[CWB] Error #1300 generating word frequency lists

Hardie, Andrew a.hardie at lancaster.ac.uk
Mon Aug 6 15:01:48 CEST 2018


>> is it possible to add a new corpus from the command line?

Not yet.

>> I've seen a create-corpus.php script but it says //TODO

Precisely!

From: cwb-bounces at sslmit.unibo.it <cwb-bounces at sslmit.unibo.it> On Behalf Of José Manuel Martínez Martínez
Sent: 06 August 2018 13:30
To: Open source development of the Corpus WorkBench <cwb at sslmit.unibo.it>
Subject: Re: [CWB] Error #1300 generating word frequency lists

Hi again,

last question, is it possible to add a new corpus from the command line? Not only the generation of the frequency lists?
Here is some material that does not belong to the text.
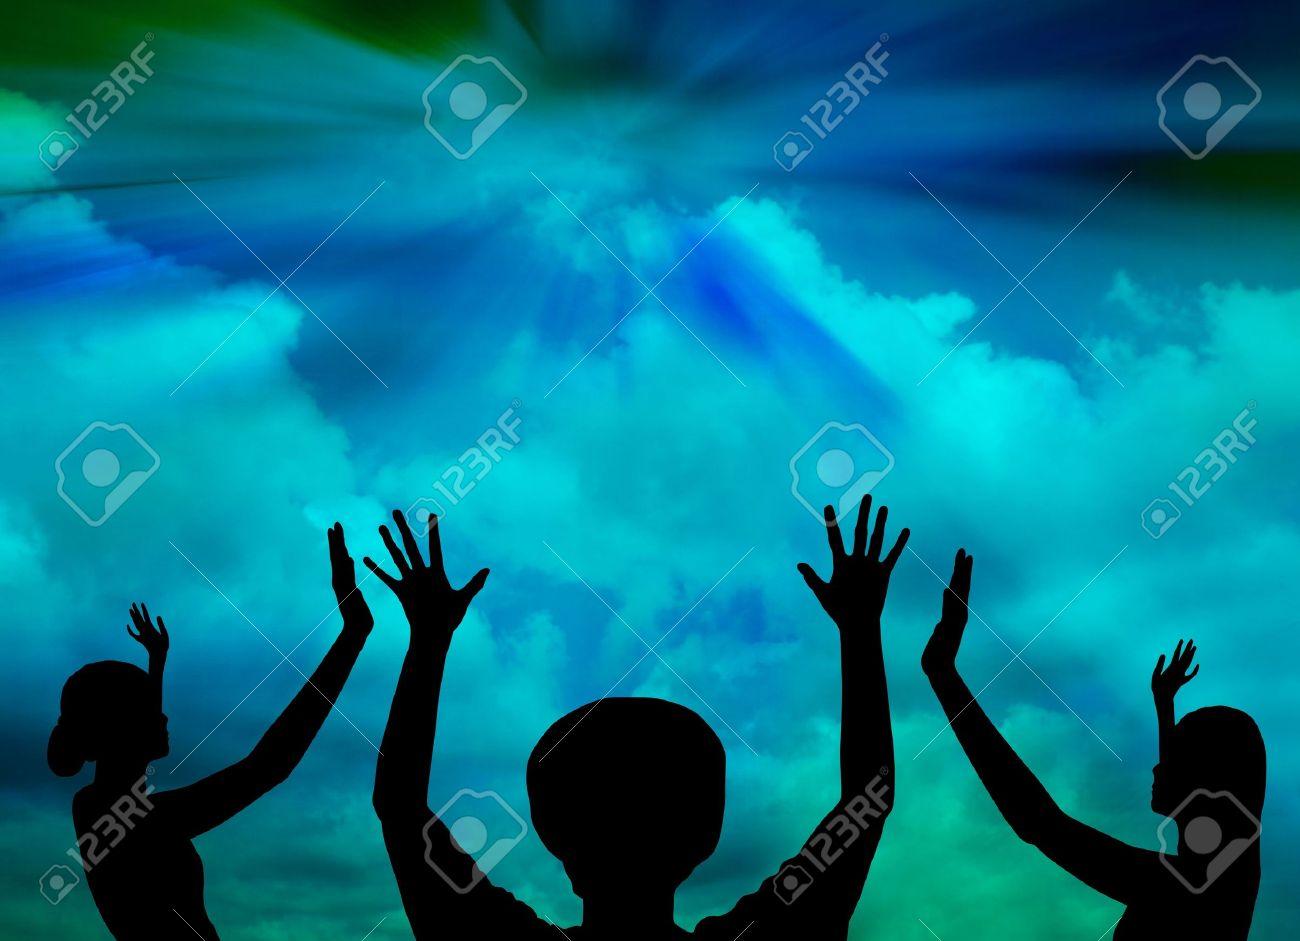 praise god images u0026 stock pictures royalty free praise god photos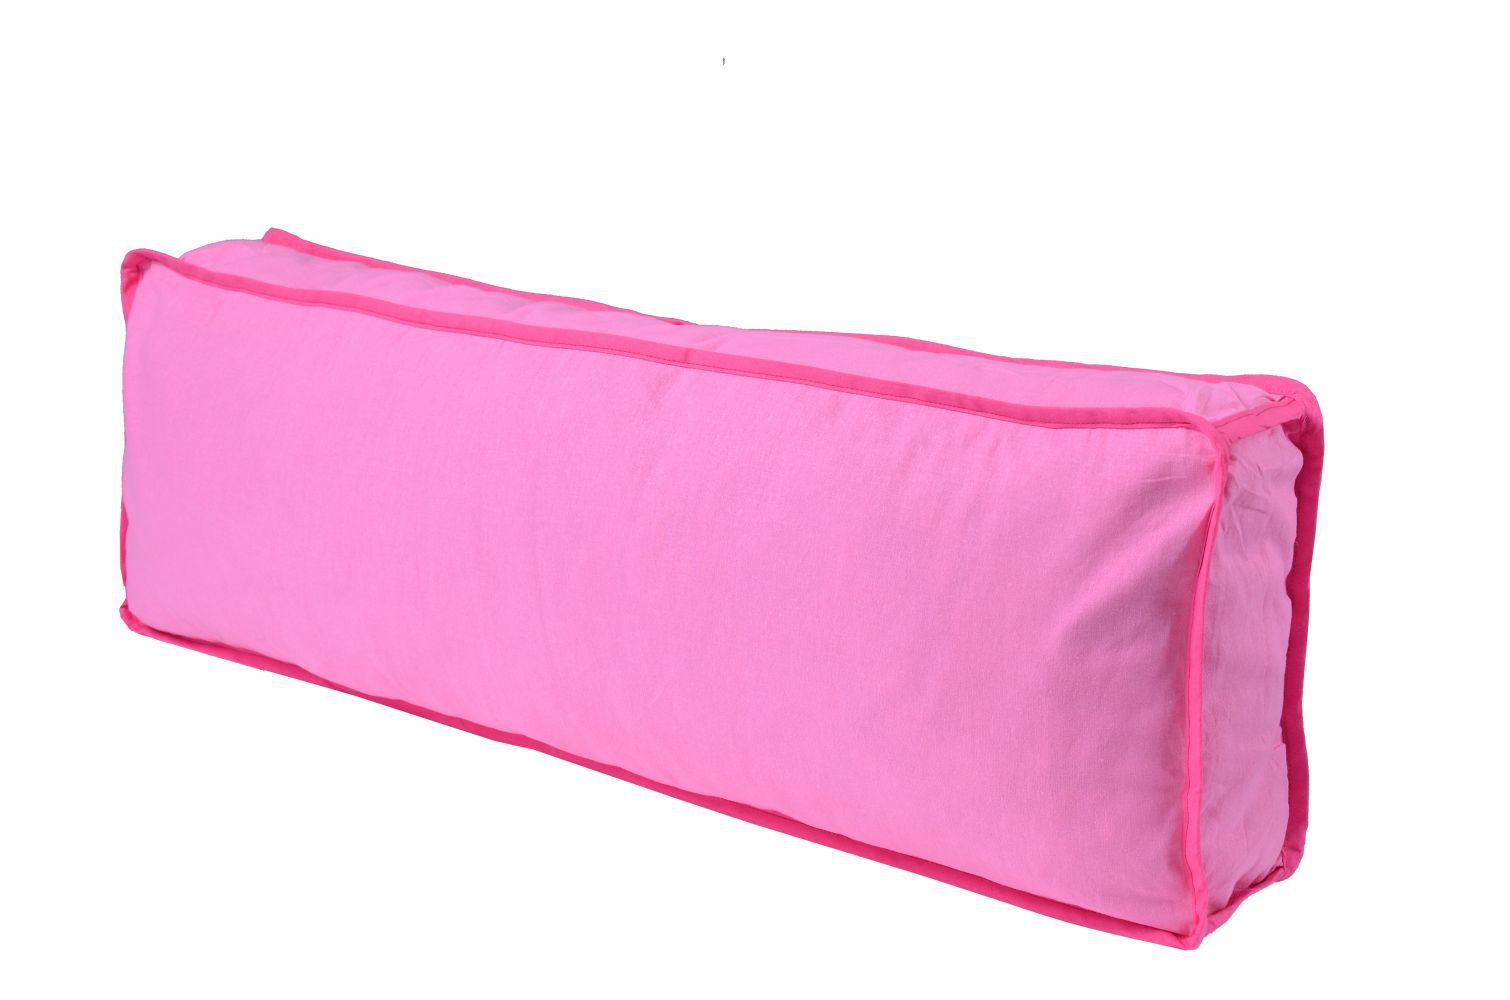 Seitenkissen - Farbe:Pink/Rosa

I've seen a create-corpus.php script but it says //TODO ;-)

And just in case it helps, this is what I see regarding my MySQL config


mysql> show VARIABLES like '%collation%';

+----------------------+-------------------+

| Variable_name        | Value             |

+----------------------+-------------------+

| collation_connection | utf8_general_ci   |

| collation_database   | utf8_general_ci   |

| collation_server     | latin1_swedish_ci |

+----------------------+-------------------+

3 rows in set (0.00 sec)



mysql> show variables like '%character%';

+--------------------------+----------------------------+

| Variable_name            | Value                      |

+--------------------------+----------------------------+

| character_set_client     | utf8                       |

| character_set_connection | utf8                       |

| character_set_database   | utf8                       |

| character_set_filesystem | binary                     |

| character_set_results    | utf8                       |

| character_set_server     | latin1                     |

| character_set_system     | utf8                       |

| character_sets_dir       | /usr/share/mysql/charsets/ |

+--------------------------+----------------------------+

8 rows in set (0.00 sec)

SHOW FULL COLUMNS FROM __tempfreq_spanish;

+----------+------------------+-----------------+------+-----+---------+-------+---------------------------------+---------+

| Field    | Type             | Collation       | Null | Key | Default | Extra | Privileges                      | Comment |

+----------+------------------+-----------------+------+-----+---------+-------+---------------------------------+---------+

| freq     | int(11) unsigned | NULL            | YES  |     | NULL    |       | select,insert,update,references |         |

| word     | varchar(255)     | utf8_general_ci | NO   | MUL | NULL    |       | select,insert,update,references |         |

| dep      | varchar(255)     | utf8_general_ci | NO   | MUL | NULL    |       | select,insert,update,references |         |

| ent_type | varchar(255)     | utf8_general_ci | NO   | MUL | NULL    |       | select,insert,update,references |         |

| is_alpha | varchar(255)     | utf8_general_ci | NO   | MUL | NULL    |       | select,insert,update,references |         |

| is_digit | varchar(255)     | utf8_general_ci | NO   | MUL | NULL    |       | select,insert,update,references |         |

| is_oov   | varchar(255)     | utf8_general_ci | NO   | MUL | NULL    |       | select,insert,update,references |         |

| lemma    | varchar(255)     | utf8_general_ci | NO   | MUL | NULL    |       | select,insert,update,references |         |

| lower    | varchar(255)     | utf8_general_ci | NO   | MUL | NULL    |       | select,insert,update,references |         |

| pos      | varchar(255)     | utf8_general_ci | NO   | MUL | NULL    |       | select,insert,update,references |         |

| tag      | varchar(255)     | utf8_general_ci | NO   | MUL | NULL    |       | select,insert,update,references |         |

+----------+------------------+-----------------+------+-----+---------+-------+---------------------------------+---------+

11 rows in set (0.00 sec)


--
José Manuel Martínez Martínez
https://chozelinek.github.io

On Mon, Aug 6, 2018 at 1:31 PM, José Manuel Martínez Martínez <chozelinek at gmail.com<mailto:chozelinek at gmail.com>> wrote:
Hi Andrew,

thanks for the pointers. I didn't mention it, but I'm installing the new corpora from already indexed corpora. Just in case this might be relevant.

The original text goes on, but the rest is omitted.